_Raw data_:
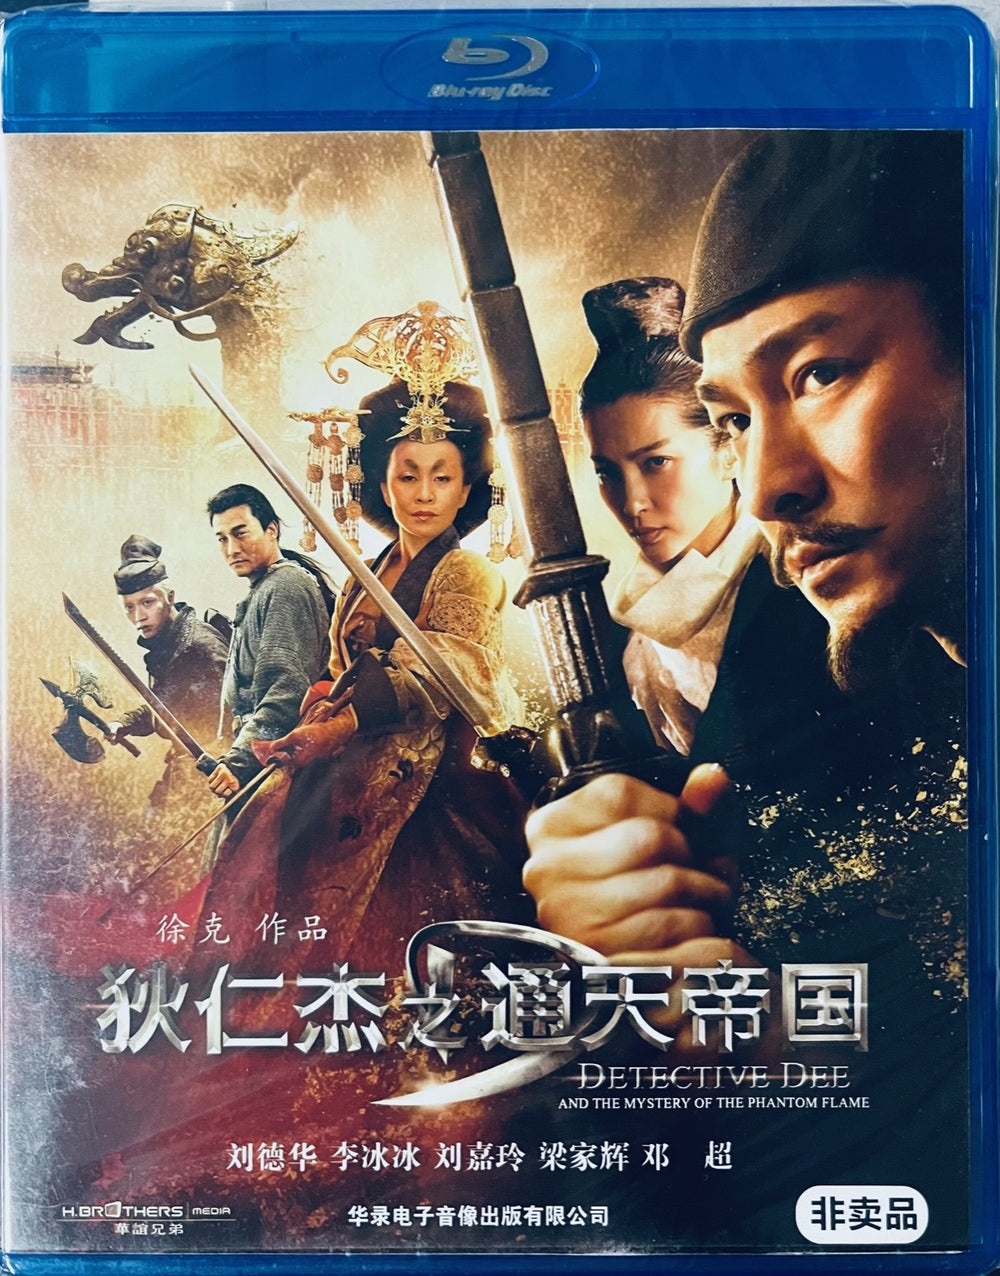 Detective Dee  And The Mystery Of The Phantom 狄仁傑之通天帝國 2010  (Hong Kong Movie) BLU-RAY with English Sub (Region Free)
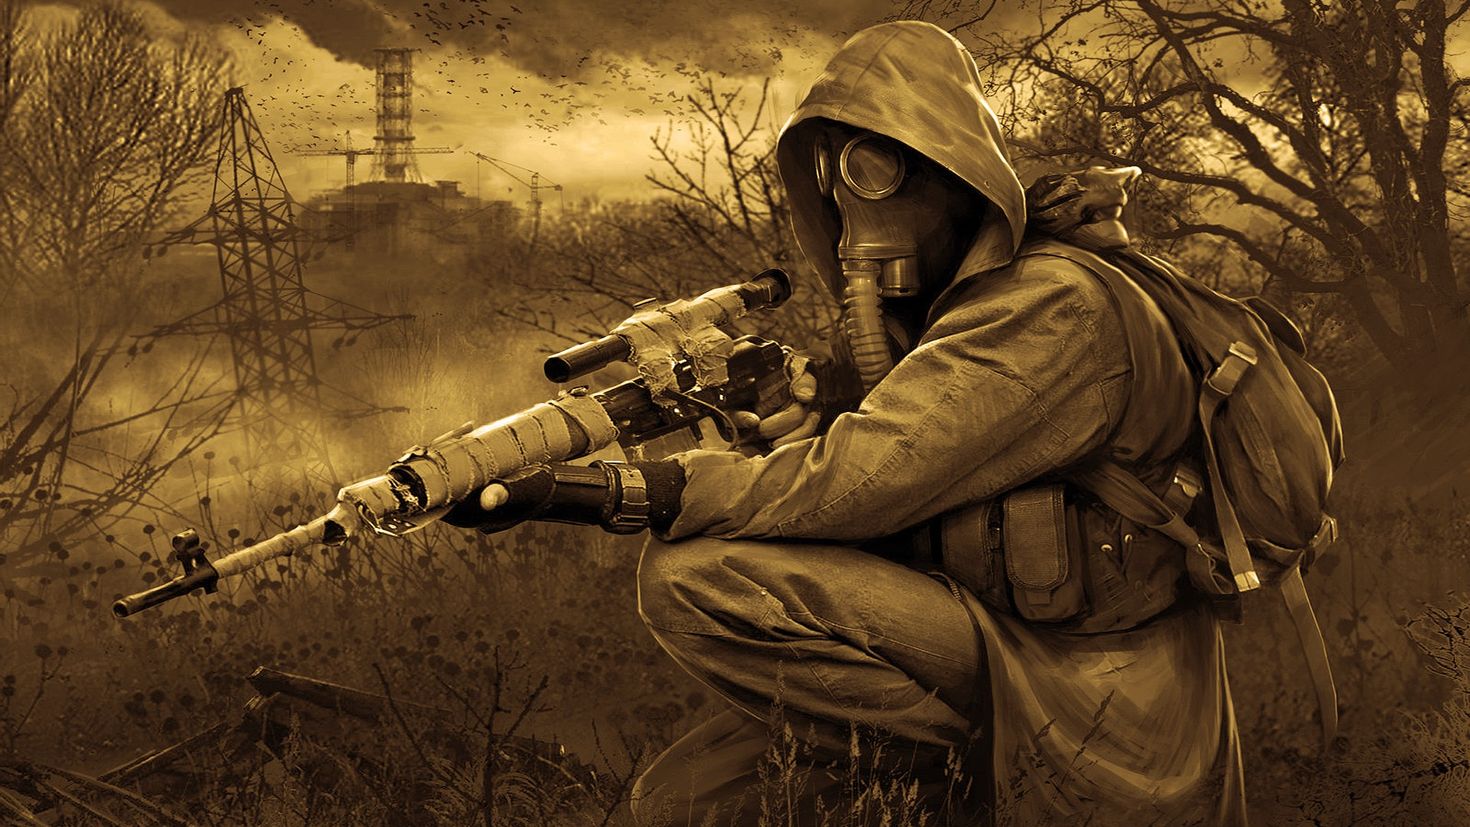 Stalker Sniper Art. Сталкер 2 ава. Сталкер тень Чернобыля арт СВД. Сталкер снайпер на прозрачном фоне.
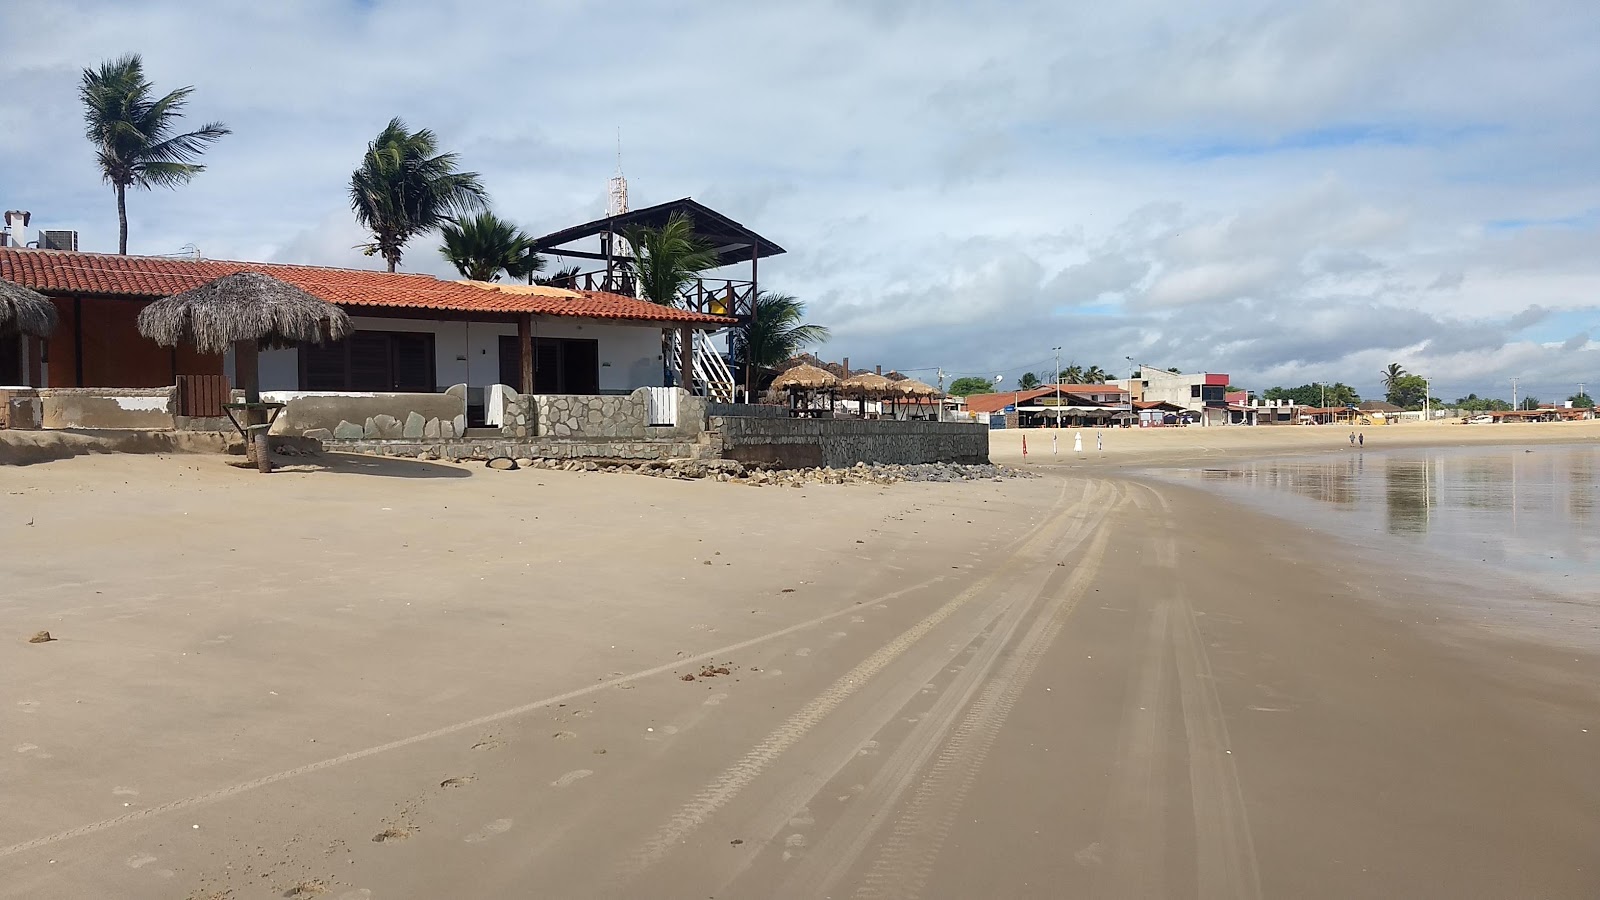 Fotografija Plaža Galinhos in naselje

_What you are asked to do_: After locating the line with "Stalker Sniper Art.", transcribe it and the rest of the data above exactly as written, without any picture.

_Task response_:
 Stalker Sniper Art. Сталкер 2 ава. Сталкер тень Чернобыля арт СВД. Сталкер снайпер на прозрачном фоне.
 Fotografija Plaža Galinhos in naselje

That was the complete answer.